I have an Aristo center cab and 2 Bachmann annies I'm thinking of using Airwire Gwire system.
Would this work?
NCE Gwire Pro cab........TX

Quantum Gwire............RX
NCE sound + motor decoder # 0001817 for the center cab

NCE sound + motor decoder #0001819 for the annies
Would this set up work? I have looked on the web for MRC large scale sound, but can't find any.If anybody has one, how does it sound ? 

Any suggestions would be helpful.
Thanks Richard 

I meant to say MRC decoders not NCE


----------



## steam5 (Jun 22, 2008)

Richard 

Its much easier than you think. The Quantum has motor control and sound. You need to add a G wire receiver to make it talk direct to the NCE G wire cab

I assume your going track powered?


----------



## Greg Elmassian (Jan 3, 2008)

NCE does not make sound decoders, they make motor/lights only. 

The Quantum Gwire is a receiver only, that is designed to work with the QSI decoder which IS motor/lights/sound. 

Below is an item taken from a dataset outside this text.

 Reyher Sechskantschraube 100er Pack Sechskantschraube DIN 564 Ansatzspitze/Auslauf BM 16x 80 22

Don't go anyway near MRC if you are considering sound of the quality of the QSI... not even in the same ballpark. 

Come on chat tonight.... 

Greg


----------



## RCE (Sep 14, 2009)

Steam 5 I will be going battery if I go DCC 
Greg I know MRC isn't as good sound wise as QSI, but I am looking for motor control and some sound on my small layout. Doesn't have to be great sound just some ok to good. I'm also looking at the price between 3rd party decoders and QSI I found a MRC decoder for diesel for $29.00. The QSI RX will work with 3rd party decoders according to there web site.


----------



## steam5 (Jun 22, 2008)

The QSI G wire receiver may talk to other decoders. They said it would talk to the Lenz Gold decoder. I have found little to no support from the companies to make the QSI+lenz gold work. I have been away from my 'work shop' since March due to work commitments, and haven't played with the Lenz combination since to make it work. 

To keep it simple I would suggest you stick to the NCE Cab, a Quantum Magnum decoder plus a G wire receiver.


----------



## Greg Elmassian (Jan 3, 2008)

Ohh... you need to read the thread about this on the trains.com site. 

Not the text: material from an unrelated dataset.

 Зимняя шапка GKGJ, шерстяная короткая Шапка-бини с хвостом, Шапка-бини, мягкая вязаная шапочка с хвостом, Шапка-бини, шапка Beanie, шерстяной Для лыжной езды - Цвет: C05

The short story is that you can drive SOME DCC decoders with the Gwire directly, but there's not enough oomph to drive a motor decoder or 2 decoders. You have to have a decoder that allows you to have separate inputs for DCC signal and power. It might be possible on the MRC, but you better be an electrical engineer. 

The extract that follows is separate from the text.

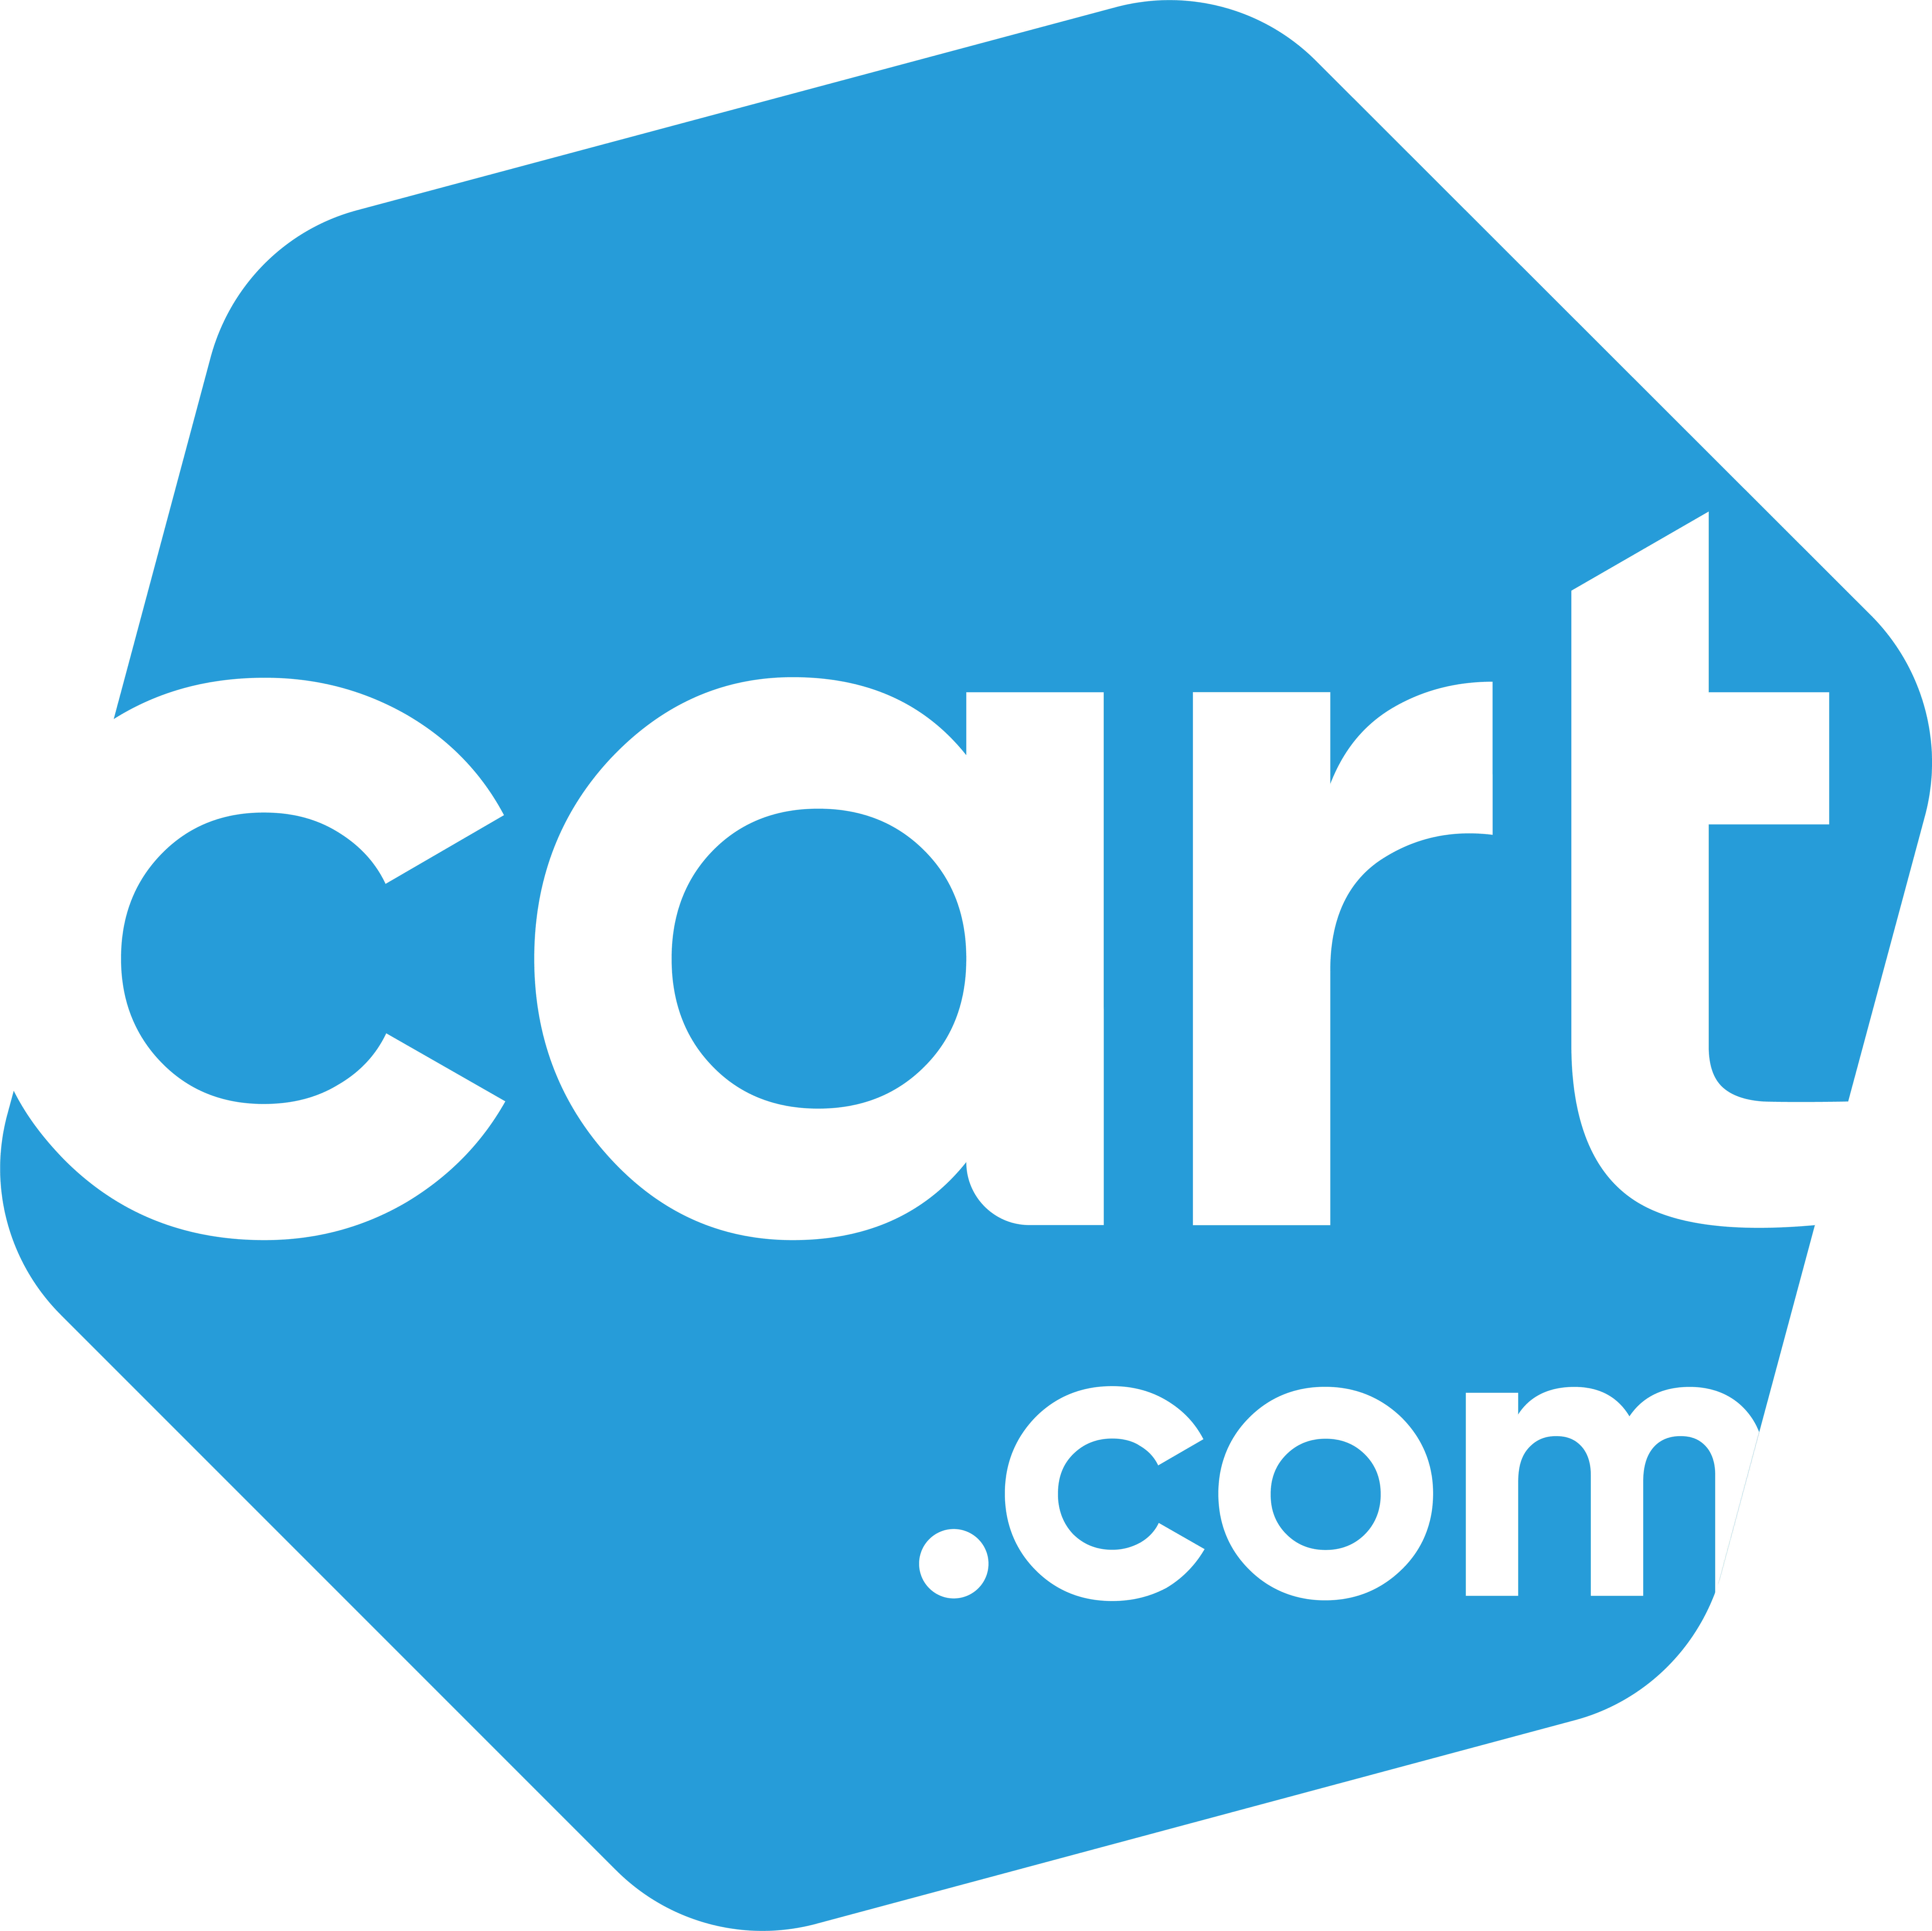 Cart.com Logo

Basically some decoders can be powered by the receiver, but very few, and it won't source a lot of current. 


What model of MRC decoder? I have about 15 of the cheap diesel ones, and they are not good at all, and I have had 5 blow up... smoke, etc. Do they have the relay on them?

I really wish QSI had put more explanation and caveats about what they showed. 

Greg


----------



## George Schreyer (Jan 16, 2009)

MRC motor control sux too...


----------



## StanleyAmes (Jan 3, 2008)

Let me try to provide some gudance. 

If you use a CVP AirWire decoder you can connect a DCC sound decoder and operate the locomotive with the NCE GWire unit. 

Hooking the GWire decoder to a MRC decoder may or may not work but my gut says it will not work. 

You can use a G-Wire with a QSI decoder or a Lenz Gold Maxi decoder and I can confirm from use that both will work. 

To work with other decoders the decoder manufacturer will likely need to provide a direct connection from the G-Wire to the micro. The reason is that the power output of the G-Wire is not high enough for most decoders. 

To get it to easily work with the Lenz decoder you hook the battery to the +-, provice a 5 volt supply for the G-Wire, and connect the output of the G-wire to the Track input isolating it using a small capasitor and resistor. 

Hope that helps 

Stan


----------



## RCE (Sep 14, 2009)

Thanks for the help of everyone. If or when I go to DCC it will probably be NCE Gwire cab and CVP G2 decoder. Still looking for a sound system,may be Dallee for the center cab, and Hyde-out mountain , My loco sound or Dallee for the Annies. Again,Thank You all. Richard


----------